The current size of the Islamic banking systems market is estimated to be about US$ 85 billion. Around 15-20 vendors claim to offer Shari’a-compliant banking systems. It is estimated that there have been just over 200 combined sales of Islamic banking systems to Shari’a-compliant organizations over the years.

The relative size of the Islamic banking systems market can be gauged by looking at the sales figures for Path Solutions, an Islamic banking software company. This vendor’s primary product is a Shari’a-compliant banking system (iMal) now present in more than 18 countries around the world, stretching from the UK through Africa with major accounts in Libya, Algeria, Sudan and Iraq to reach Malaysia and Hong Kong in Asia. It is regarded as the largest selling vendor of Islamic systems, notching up eleven new sales in 2008, and 12 new deals in 2009, among them the first Islamic Credit Union in the world located in Hong Kong: Amwal Credit Union, that was established on May 27, 2009. This puts it in tenth place overall in the league table, bringing its total estimated (installed) user base to around 72 bank customers (to date). There does appear to be some regional variations in sales preferences. While some vendors seem to enjoy sales in all of the Islamic regions, others may have a slightly more regional sales appeal.

Market participants

There are many specialist vendors that operate purely within their home country. New vendors are entering the market and older vendors are leaving (for example, the Misys systems will at some point be replaced by the company’s latest Bankfusion product). Path Solutions, the vendor with the largest user base, has built its iMal system from scratch as Shari’a-compliant. Other vendors include Infopro Sdn Bhd and Microlink Solutions Bhd which are Malaysian companies. Both are widely used within the Malaysian region and have now branched into other regions.

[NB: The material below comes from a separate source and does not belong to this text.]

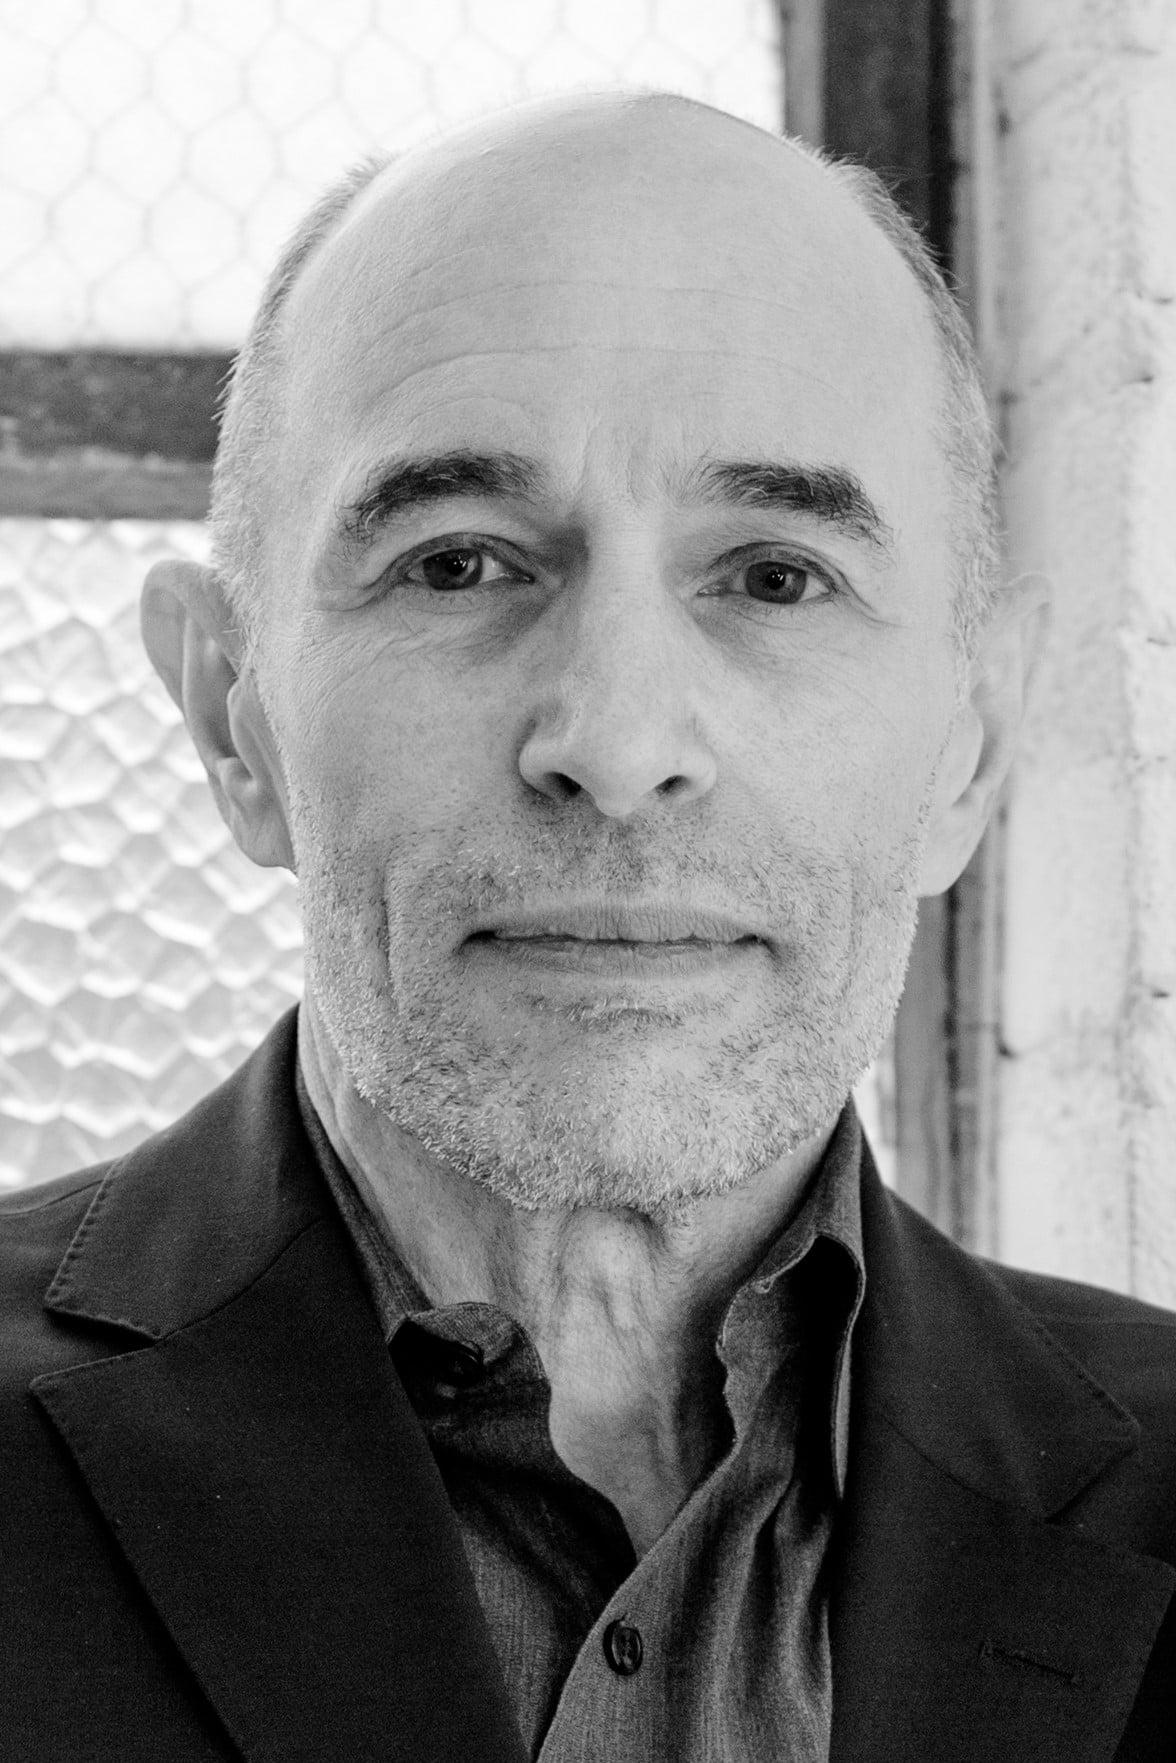 Andrew Tribolini

Nevertheless, the bulk of the market is made up of conventional system vendors that have modified their systems to meet Shari’a requirements. These vendors include the giant US-based Fidelity National Information Services and Sungard Financial Systems, which have products that claim Islamic functionality. From amongst the other leading conventional banking packages that have been mentioned, Oracle FSS’s Flexcube package is used at Shamil Bank in Bahrain. The vendor’s Indian development centres have been able to produce Islamic banking modules, which add to the significant functionality that it had already developed for its parent company, Citibank. The system is also used at other banks in the Middle East including Dubai Islamic Bank. Temenos, with its Islamic offering of T24, has been adopted by some significant Islamic banks including Al Salam Bank in Bah- rain, Bank Islam Malaysia and Meezan Bank in Pakistan.

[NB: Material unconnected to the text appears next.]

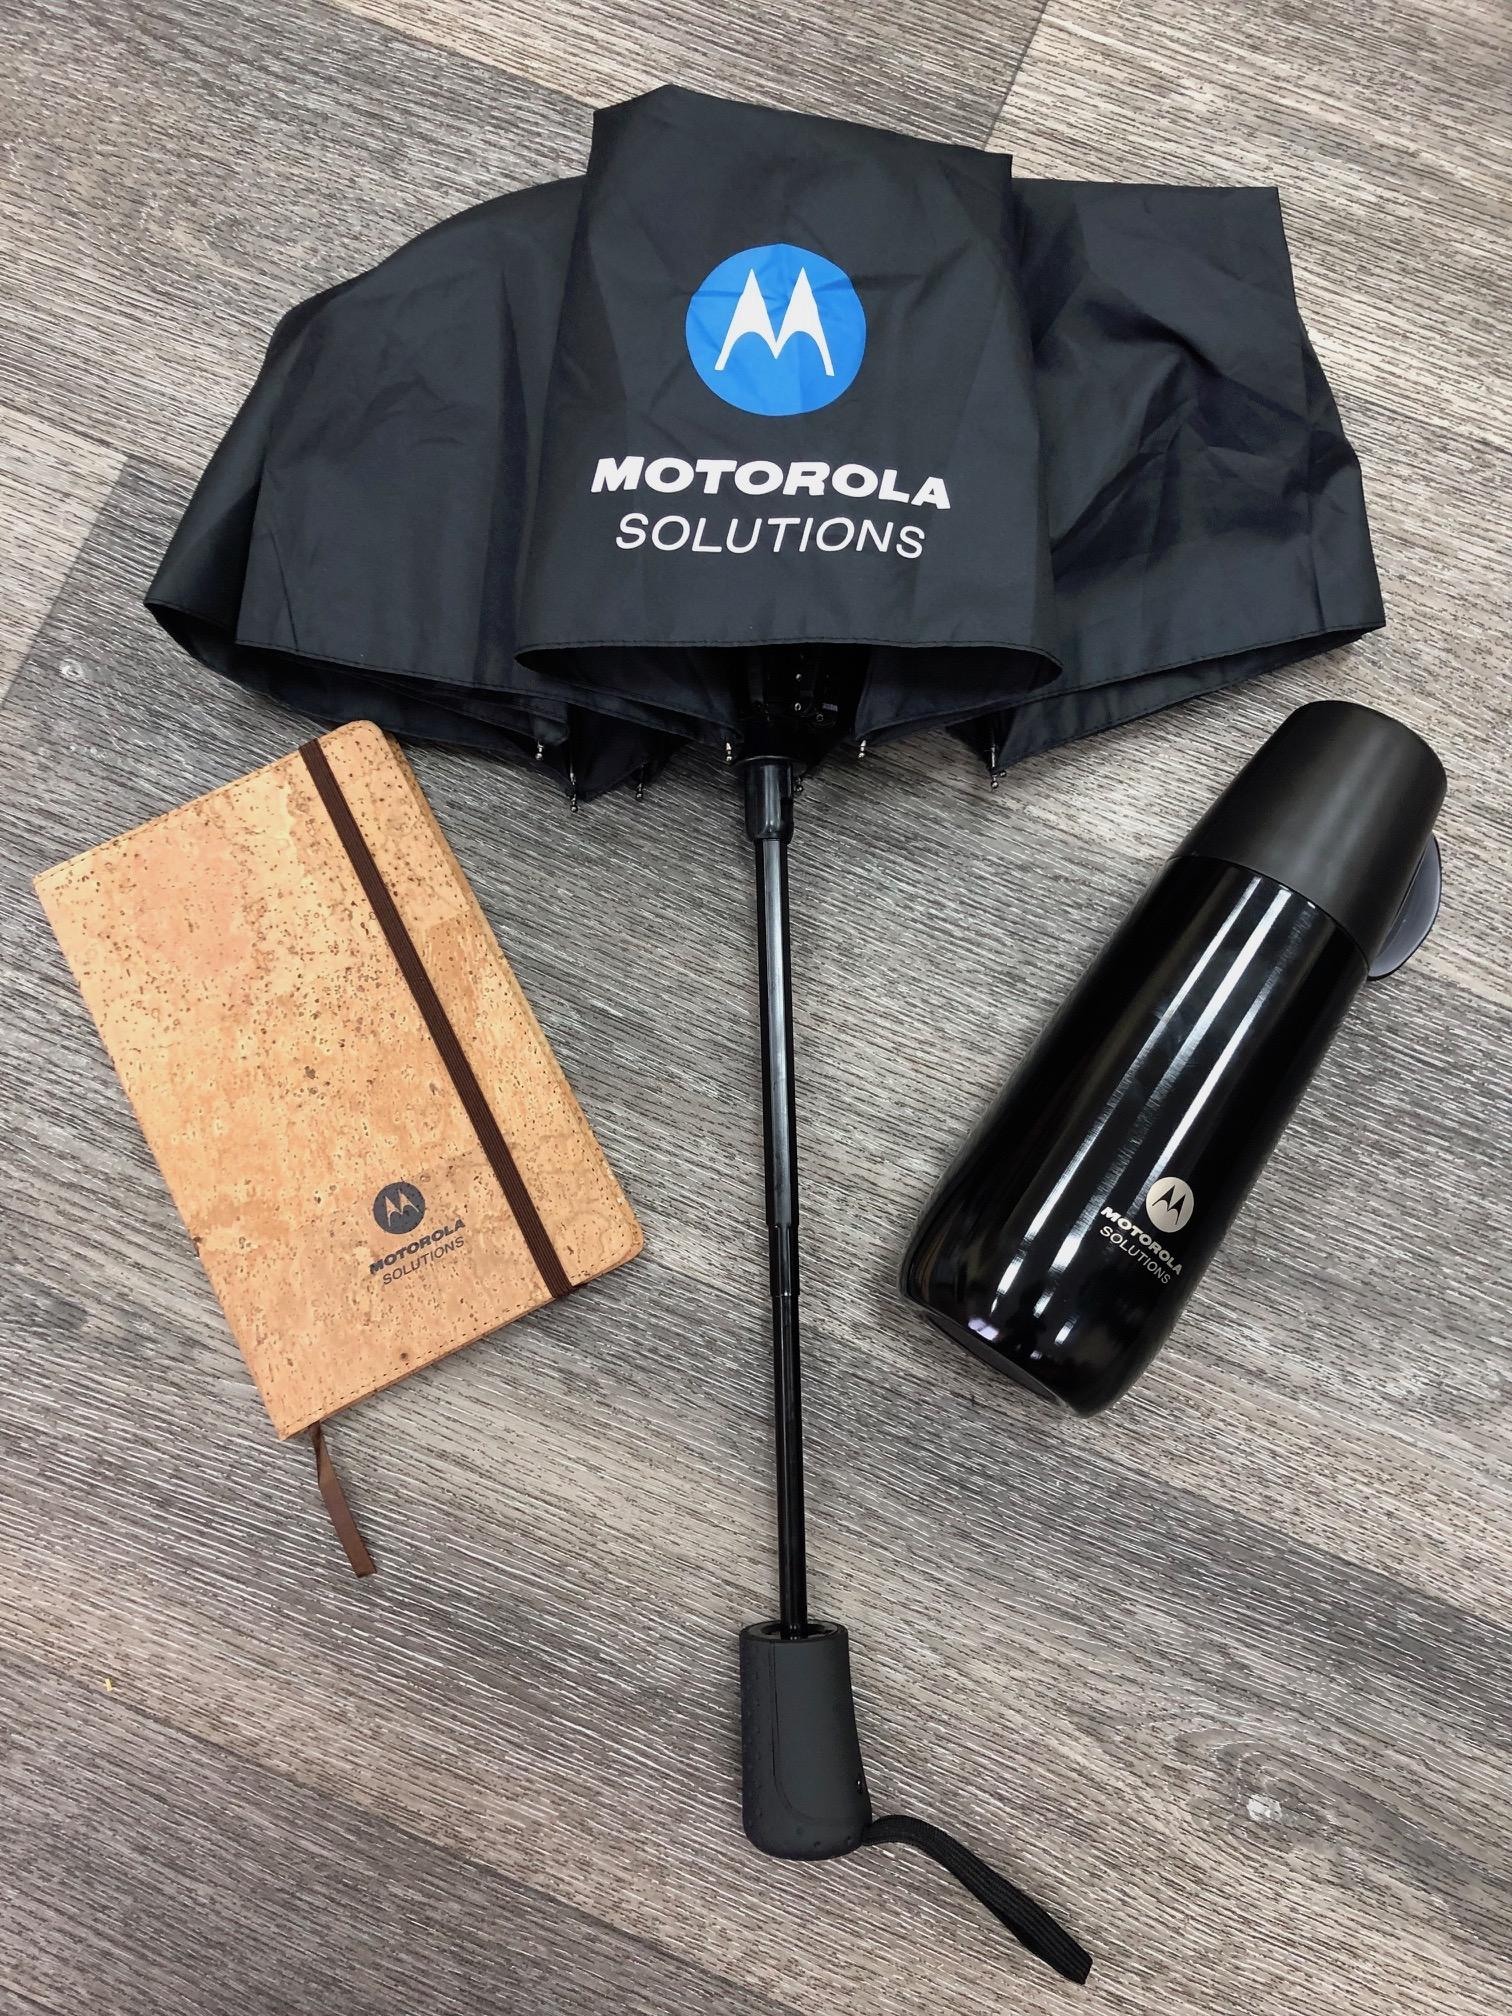 Motorola Solutions комплекс работ по поставке подарочной сувенирной продукции и полиграфии

Misys is a well-known name in all of the Islamic regions, and has widely promoted one of its older systems, Equation, as being Shari’a-compliant. The Islamic Bank of Britain, the UK’s only Islamic retail bank, uses the Equation product as does Al Baraka, Sharjah Islamic Bank and a cluster of banks in Qatar. The product has possibly the largest user base other than Path Solutions.

In addition to the pure Islamic system vendors and the modified conventional system vendors, there is a third group that sits somewhere between the two. This third group is made up of independent organizations often based in Muslim countries, which supply a conventional banking system that has been permanently modified to accommodate the Shari’a requirements. One of the vendors in this third group is International Turnkey Systems (ITS). This Kuwait-based company has taken the Phoenix system (under agreement from US supplier).

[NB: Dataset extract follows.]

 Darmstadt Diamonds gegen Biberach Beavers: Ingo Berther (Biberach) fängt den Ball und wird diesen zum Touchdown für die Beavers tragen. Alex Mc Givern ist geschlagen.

Harland Financial Solutions) and modified it to sell into Islamic banks. ITS has assembled a range of products for Islamic banks, some sourced from other suppliers (such as the NetEconomy anti-money laundering and fraud prevention package) and some developed in-house, such as its front-end system, IBS Islamic.

Kuala Lumpur-based Silverlake is a supplier of an Islamic core banking system (Siibs) that enjoys some degree of success mostly in the Asian region, but also outside of that area. The origins of the conventional version of the system seem to have a common source with the Siibs system offered by the US-based John Henry Associates. Nevertheless, the system has been extensively enhanced by Silverlake and now offers separate modules to accommodate a fairly wide range of Islamic processing.

The use of one Islamic banking package in a bank does not preclude the use of another for different purposes. The Bank of London and the Middle East, for example, use Path Solutions for their core Islamic processing, but have chosen an Oracle FSS-supplied front-end for its specialist wealth management arm.

Around the regions

The main regional markets in the Islamic banking world naturally follow the concentration of Islamic banking services, and are made up of the Middle East, Malay- sia and Indonesia, the African nations, Asia Pacific/South East Asia (Singapore, Hong Kong) and the Pakistan/ India/Bangladesh region. There are some variations be- tween each region as to what is considered acceptable and what is not. Malaysia and Indonesia are generally regarded as the most liberal with regards to the acceptance of new products. Conventional banking is prohibited in Pakistan’s banking system, as is the case in Iran. In terms of the domiciled vendors, Malaysia and Indonesia represent most of the Asian Islamic systems vendors that include, as mentioned, Infopro, Microlink and Silverlake. The Singapore-based developer System Access that created the Symbols system has now been absorbed into the US-based Sungard Financial Systems group as Sungard System Access, but it still maintains its Singapore operation.

India is also well served with package vendors for both conventional and Islamic banking, and is home to some of the largest names in the industry. Of the many resident vendors in that country, 3i Infotech, Infosys Technologies, Infrasoft, Polaris Software, Tata Consultancy Services (TCS) are known to have Islamic users of their systems. Pakistan has its own internal vendors, but is represented internationally by Autosoft Dynamics, and Bangladesh is home to Leadsoft.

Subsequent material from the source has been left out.